Sie hatte noch etwas vor heute.
Zwei Dinge genauer gesagt.

3

Amber tippte den Zugangscode ein und zog die Metalltür auf. Nach dem Verkauf ihres Hauses hatte sie einige Dinge, die sie zwar behalten wollte, die in der neuen Dreizimmerwohnung jedoch keinen Platz fanden, bei EZ Storage eingelagert.
In dem kleinen Raum befanden sich ein Dutzend Gitarrenkoffer, Instrumente, die ihrem verstorbenen Ehemann Sean gehört hatten. Dazu kamen einige Kisten und Kartons mit seinen Festplatten, Erinnerungsstücken und anderem Kleinkram.
Amber kniete sich vor den ordentlich nebeneinander aufgereihten Gitarren auf den Boden.
Eine akustische, keine elektrische.
Die vier Koffer, die Akustikgitarren enthielten, standen ganz rechts.
Die hübsche blaue mit den schwarzen Intarsien, die gefällt ihm sicher.

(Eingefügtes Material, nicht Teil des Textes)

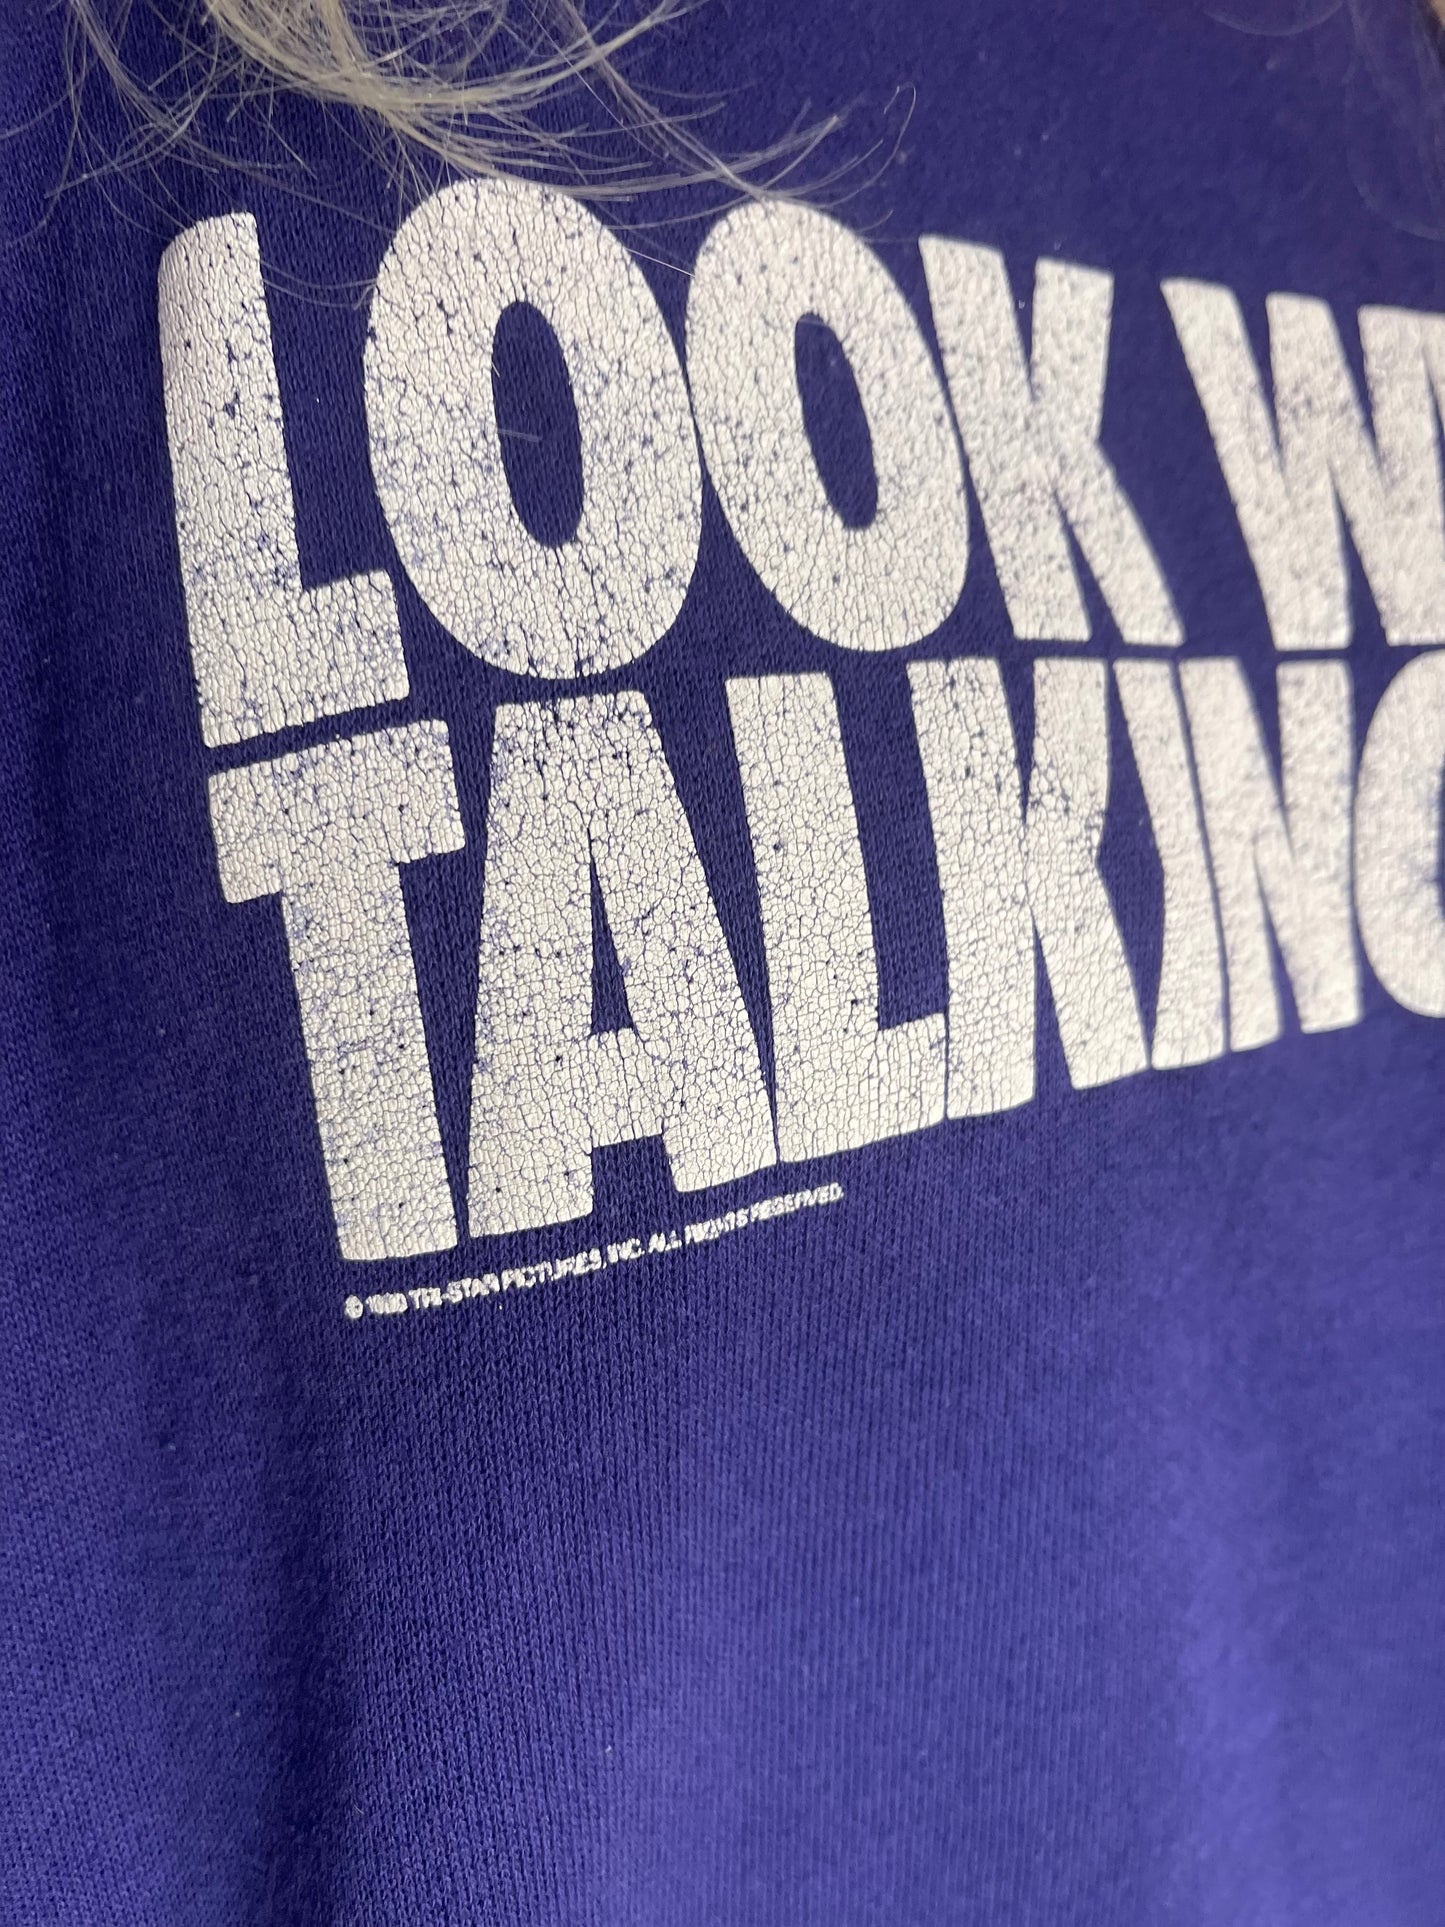 Vintage 1990 Look Who’s Talking Too Sweatshirt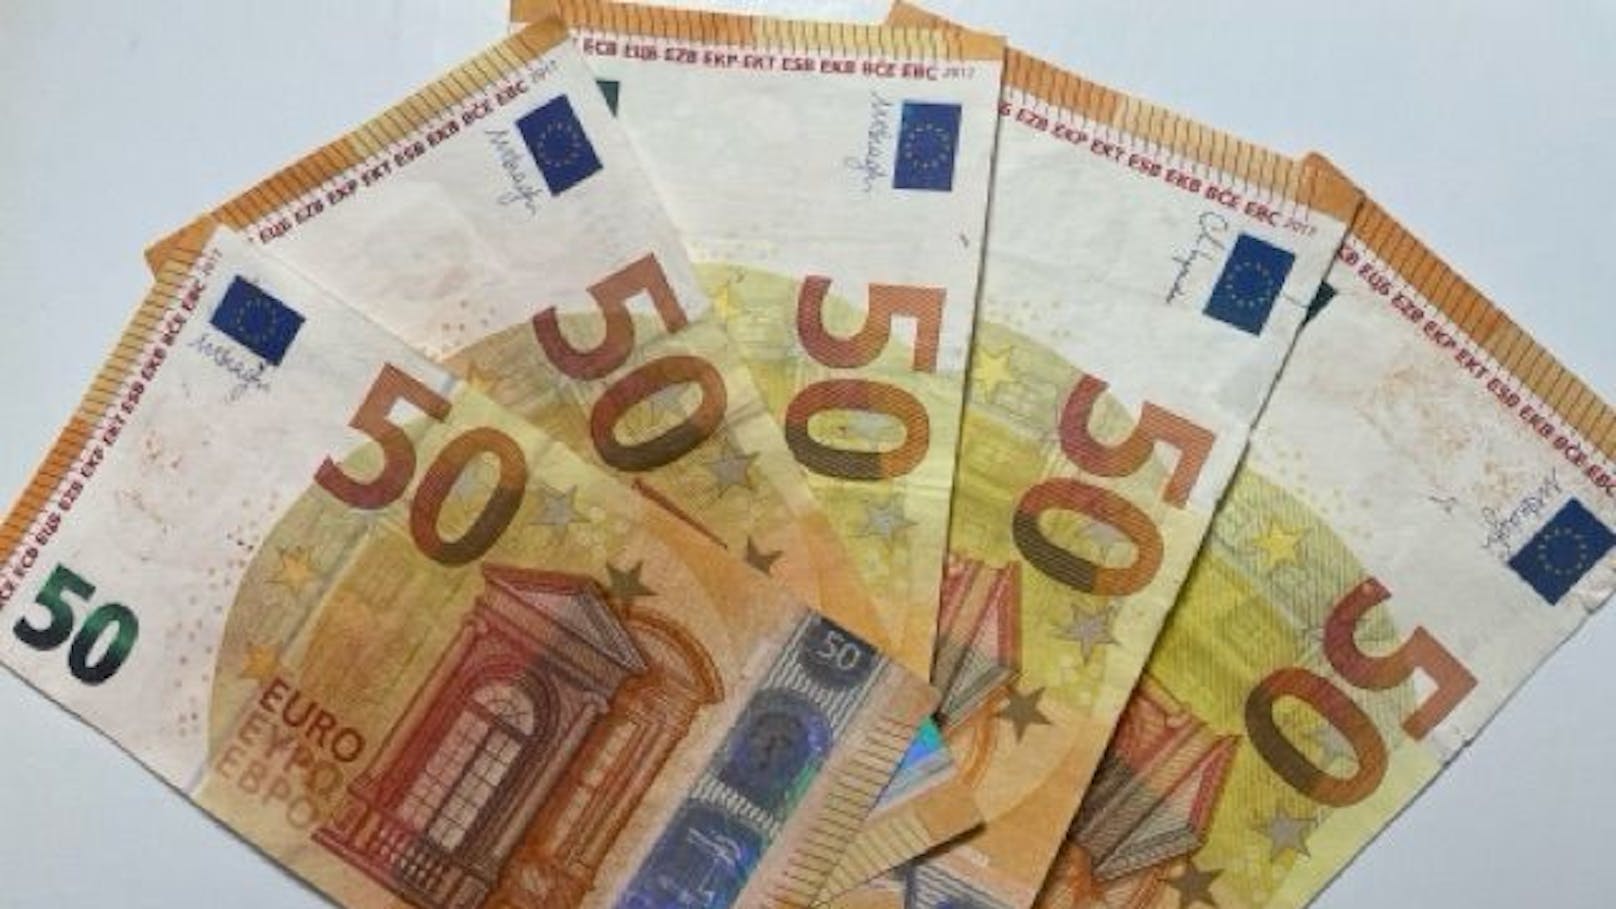 Die Österreichische Nationalbank erkannte die falschen Banknoten und informierte die Polizei.

Im zweiten Koffer, den sie öffnete, befand sich das gesuchte Instrument. Vorsichtig hob sie es heraus und legte es quer über die anderen Koffer, um das Zubehörfach zu öffnen. Darin befanden sich ein zusammengerollter Gitarrengurt, einige Plektren und ein Päckchen mit Saiten.
Zufrieden klappte sie das Fach zu und legte die Gitarre in den Koffer zurück. Sie ließ die Schlösser zuschnappen und verließ EZ Storage.
Auf dem Parkplatz verstaute sie das Instrument im Kofferraum ihres Wagens, dann gab sie eine Adresse in ihr Navi ein.
Hoffentlich ist nicht zu viel Verkehr. Ich habe keine Lust, stundenlang durch London zu kurven.
Sie ließ den Motor an, schaltete Musik ein und drehte die Lautstärke auf. Richie Kotzens neuestes Album würde ihr die Fahrzeit verkürzen.
Sobald sie sich in den Verkehr auf der Finchley Road eingefädelt hatte, sang sie lauthals mit. Warrior, einer ihrer Lieblingstracks.
Heute ist ein guter Tag, trotz Friedhofsbesuch.